Masih ada waktu untuk bertaubat. Masih ada waktu untuk memperbaiki kerusakan. Masih ada waktu untuk meminta maaf. Masih ada waktu untuk mengembalikan hak orang lain. Masih ada waktu untuk memperbaiki hubungan dengan keluarga. Masih ada waktu untuk meninggalkan dosa.

Selama nyawa belum sampai tenggorokan, pintu taubat masih terbuka.

MANUSIA ADALAH KHALIFAH DI BUMI

Allah SWT berfirman:

إِنِّي جَاعِلٌ فِي الْأَرْضِ خَلِيفَةً

“Sesungguhnya Aku hendak menjadikan seorang khalifah di bumi.” (QS. Al-Baqarah: 30)

Konsep khalifah mengandung amanah. Manusia bukan pemilik mutlak bumi. Allah adalah pemiliknya. Manusia hanya diberi amanah untuk mengelola.

Karena itu, kekayaan alam tidak boleh dipandang sebagai izin untuk melakukan eksploitasi tanpa batas. Ada tanggung jawab. Ada keseimbangan. Ada hak generasi berikutnya. Ada hak makhluk lain.

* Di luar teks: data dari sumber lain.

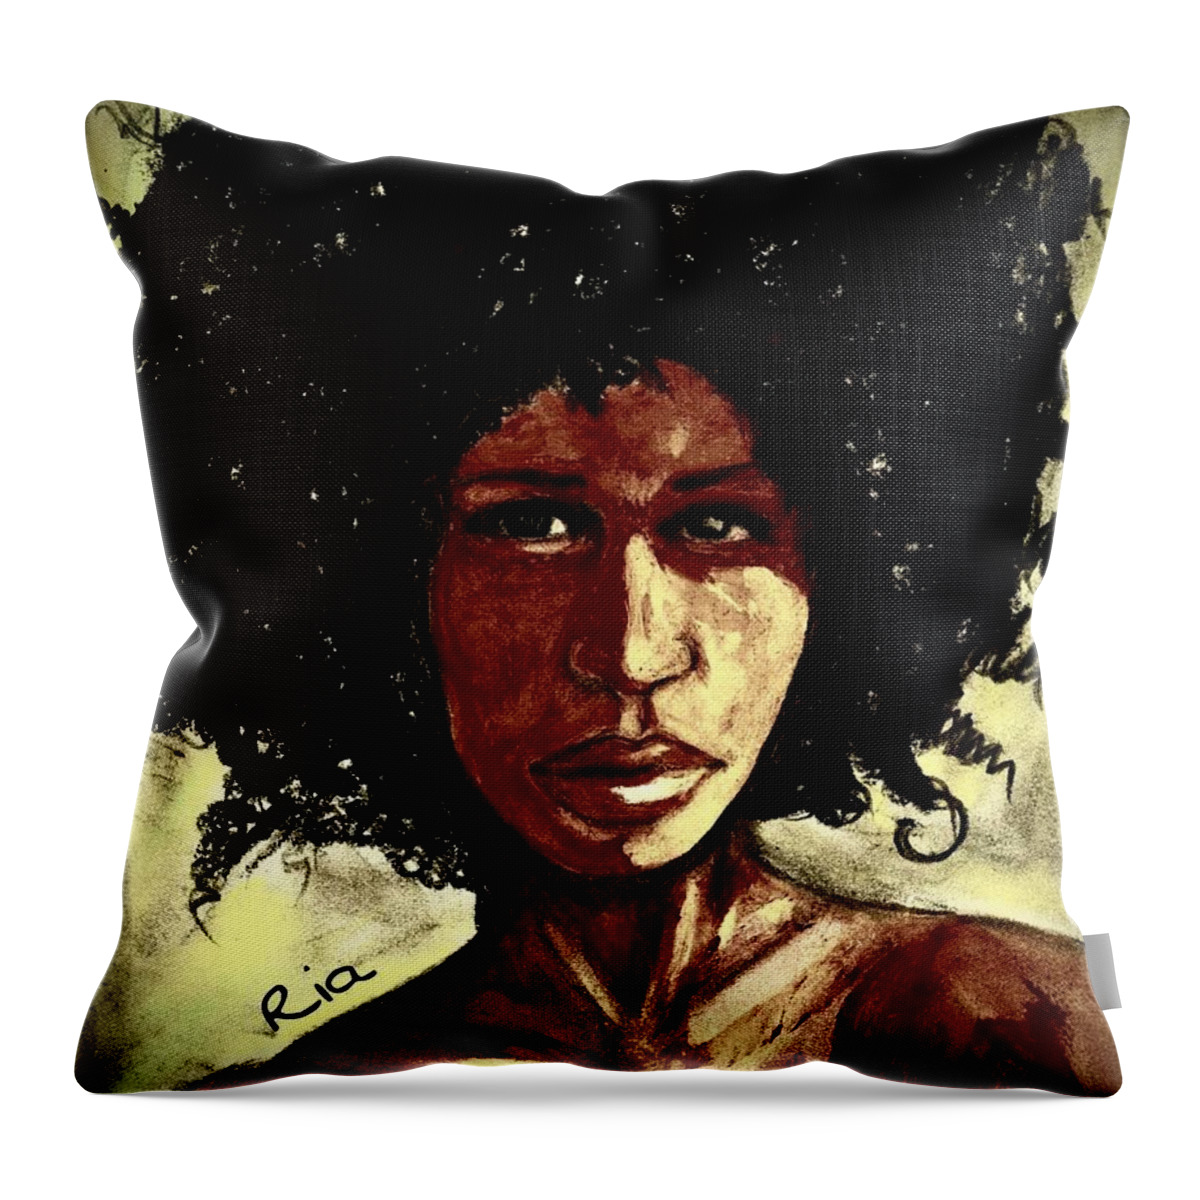 Beautiful Throw Pillow featuring the photograph Take me or leave me Alone by Artist RiA

Dan yang paling penting: Ada pertanggungjawaban di hadapan Allah.

PERINTAH MELIHAT SEJARAH

Setelah mengingatkan tentang kerusakan, Allah berfirman:

قُلْ سِيرُوا فِي الْأَرْضِ فَانظُرُوا كَيْفَ كَانَ عَاقِبَةُ الَّذِينَ مِن قَبْلُ

“Katakanlah: Berjalanlah di bumi lalu perhatikanlah bagaimana kesudahan orang-orang terdahulu.” (QS. Ar-Rum: 42)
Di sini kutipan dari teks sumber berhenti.